When I reached Louis, he let his emotionless facade fall just a bit.

"Harry?" Louis said my name as if it were a question, like he didn't think I would actually come out with him.

"Louis." I replied.

"I thought you'd stay in there."

"With that scum-bag, Puke? No way. I'd much rather hang with you." I said, letting a little, and hopefully comforting, smile form on my face.

Louis' lip twitched up, then down again.

"C'mon, let's go on our date." Louis said, motioning to the other side of his car.

"Our what?" I asked him.

I didn't know it would happen so quick. I'm not ready! I'm wearing nothing special! Not even my lucky underwear!

"Our date, stupid."

"I know, but wh-"

"Harry, get in the car and we'll ask question on our wedding night."

"Okay then-wait, our what?"

"What did I say about questions?"

"But we're not-"

"Harry." Louis scolded.

"Fine."

Louis gave a victory smile and climbed into the drivers' side of the car, while I walked to the passengers side.

I have a good and bad feeling about what will happen today. Things could go horribly wrong, horribly right, or just horribly.

Once Louis and I both buckled up, he started the car and started to drive off. We're going in the opposite direction of where our houses are. Which leads me to believe we're heading far away.

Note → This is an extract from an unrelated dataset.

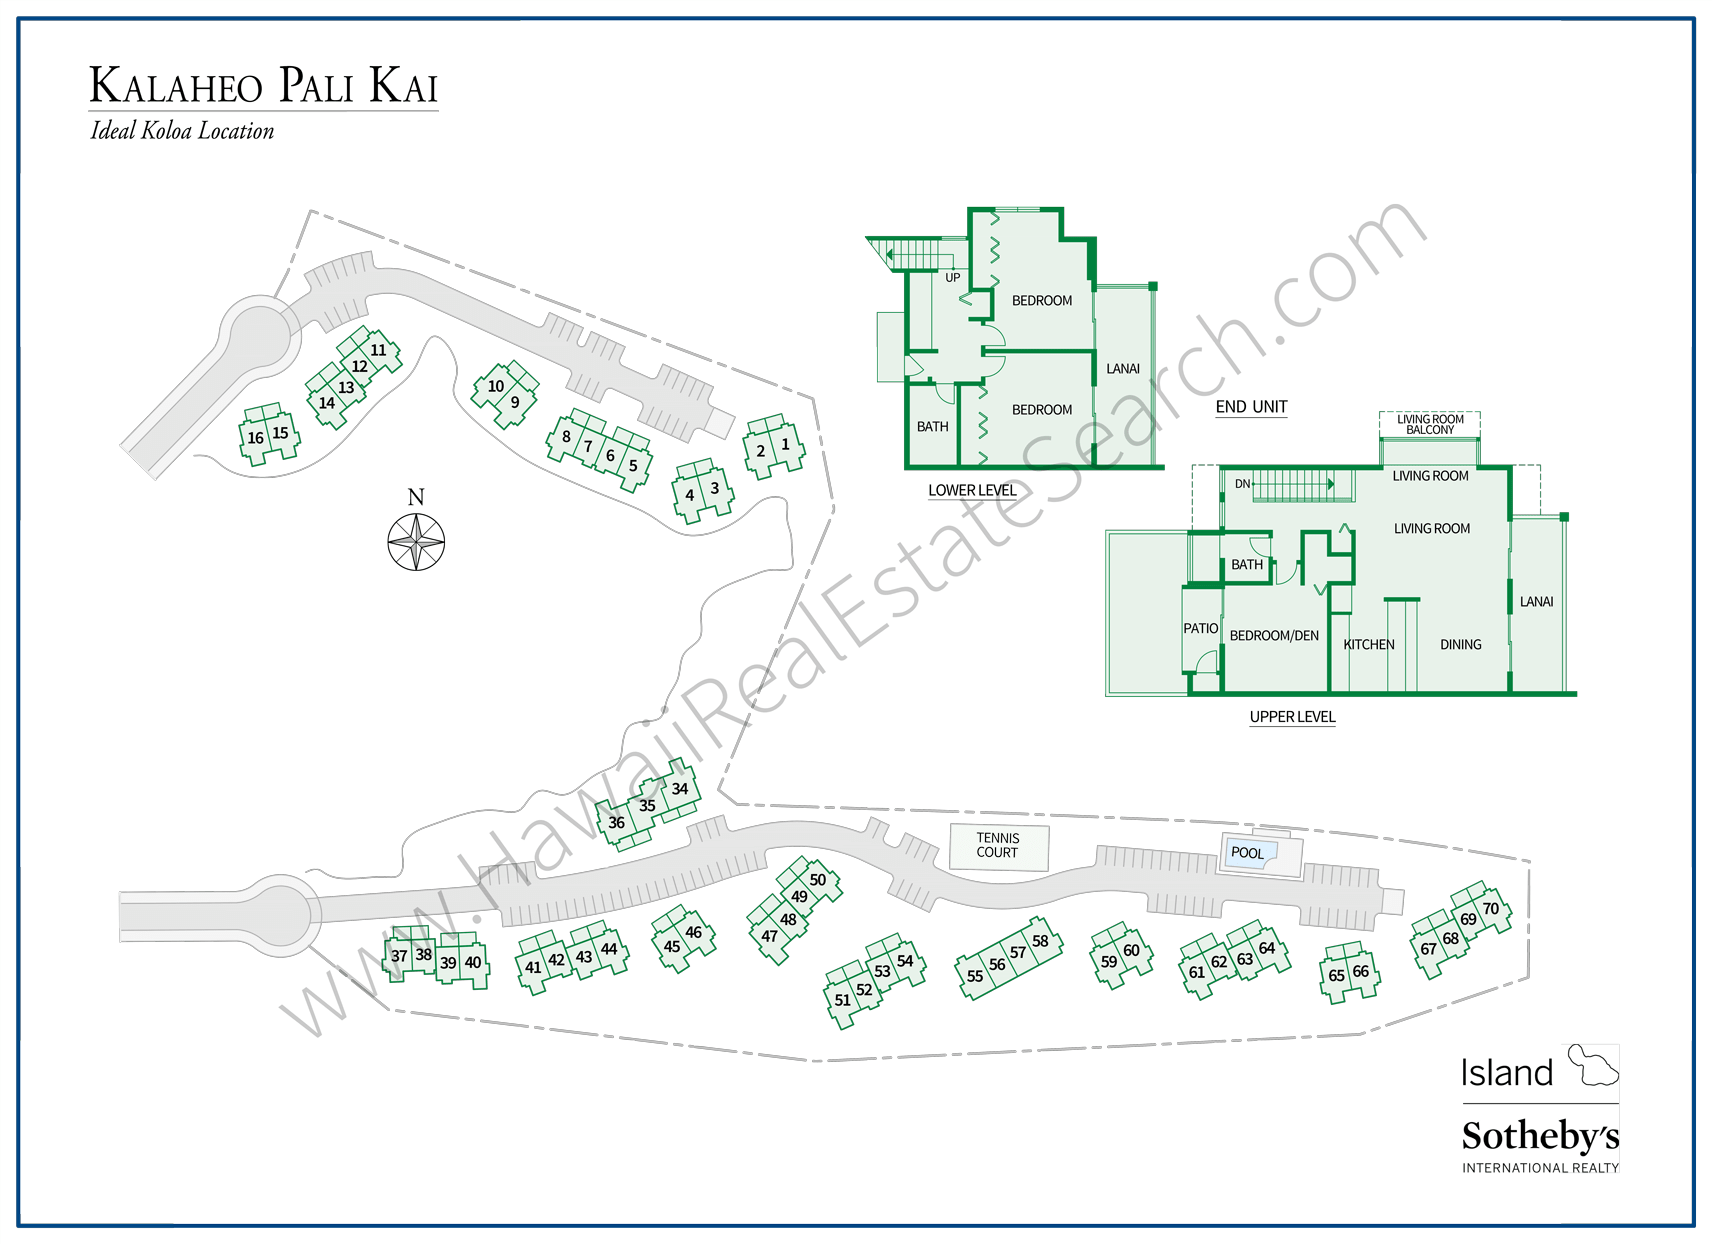 Kalaheo Pali Kai Map and Floor Plan

It looks like he knows where he's going too:

Not looking at directions, turning his blinker on two miles before the turn, no hesitation, knows which roads to skip so he doesn't have to sit in a traffic light, and constantly looking not at the road. Well, these could just be signs of him being the god-like driver he is, or a sign of him leading me into no where, but whatever. We'll figure it out.

Watching Louis is bliss. His side profile is the best, jawline is perfect, button nose sticks up and out just right, you can see his blue eyes just a bit but you can still see the lightness and beauty of them.

I don't remember when I started realizing these things, but this sight just feels so..familiar. It feels like it belongs in my gaze. My whole life I've been wondering why I was put here, and if I were to have an answer and that answer was "to stare at Louis" I would accept my fate. I've never been so at peace than I am when I stare at Louis. I know I've felt this before.